Phil, "any" is literally ANY, width can be 1-2-3-4-8, but also 5-6-7-9-10-...1000-..., etc. to PDF architectural integer limit (2**32 - 1). What's an integer (byte offset of an object, in particular) so many bytes long -- it's beyond comprehension and hardware capabilities and practical requirements. See the H.21 end-note in "PDF Reference, sixth edition", which explicitly states that the Reference, itself, does not impose ANY limit on offset byte width. I don't know what you mean by "reading documentation correctly" and finding there allowed widths of 1-2-3-4-8.

So, a Reader, theoretically and nominally, must cope with any width, but practically -- see what I said in August about a fix, just a character insertion.

However, you raised a valid concern about 32-bit Perls compiled without "USE_64_BIT_INT", regardless of them being worth any effort. Then, again, I'm repeating myself, have a look at sister packages, how they handle the issues -- quite differently from each other (and PDF::API2), but BOTH can cope with ANY widths of arbitrary size, not just 1-2-3-4-8, and regardless of Perl being 32bit/64bit (of course, as long as integer to be decoded fits 32/64 bits, as applicable, -- i.e. byte string may have leading zeroes).

What follows is rather off-topic.

Quote
what happens for just 'Q' (as the original code was)

The original code was tested, if ever, using big-endian CPU

Quote
Why is 'Q' treated differently, and I need to give the byte order explicitly?

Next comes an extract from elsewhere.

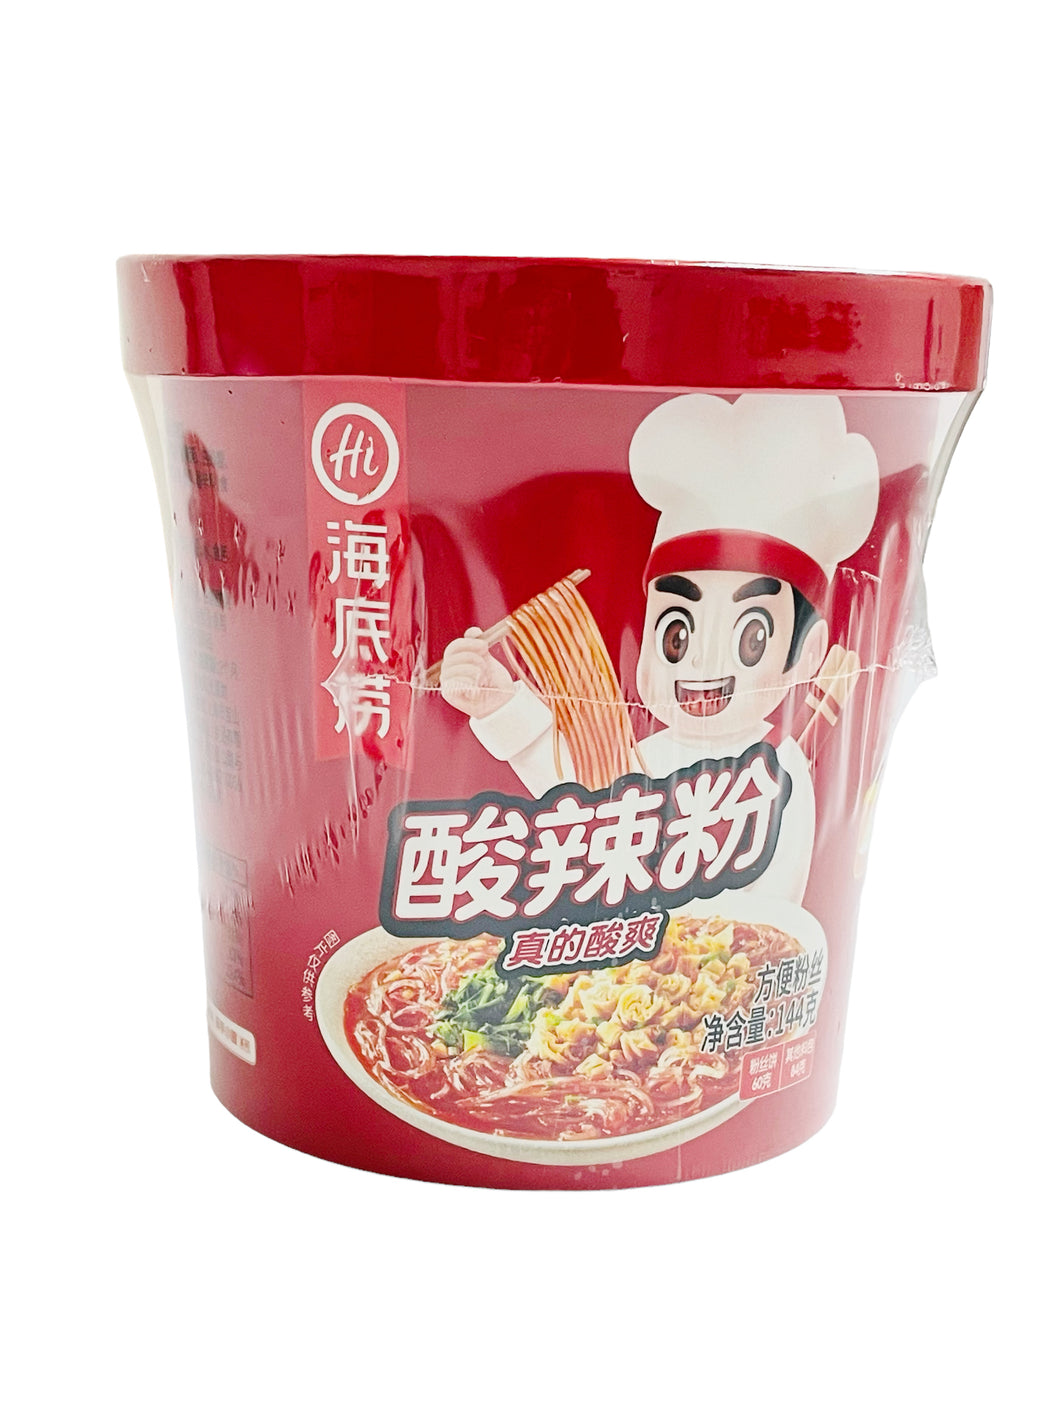 Hi Hot and Sour Rice Noodles 136g 海底捞酸辣粉

?? Because it's documented so. By design. How is that "Perl issue"? It's matter of POV -- the N/V (n/v) pairs are peculiar exception, all other relevant templates require explicit byte order modifier to work in portable manner.

Quote
Is a Parent entry mandatory for a Kid

The Reference has comprehensive Index, I don't think there are any ambiguities where and which entries are required. There are trees of slightly different breeds. E.g., items of Pages Tree, Name Tree (your example), Outlines tree(-like structure) require (1) both Kids/Parent, (2) Kids only, (3) Parent only entries, respectively. Evolving standard (as PDF was) can finish eclectic, which is OK as long as everything is clearly documented.

The "afhacked2.pdf", IIRC, was shown to be horribly broken EXACTLY w.r.t. parental relationship in a tree, why would you pick it up as example to investigate.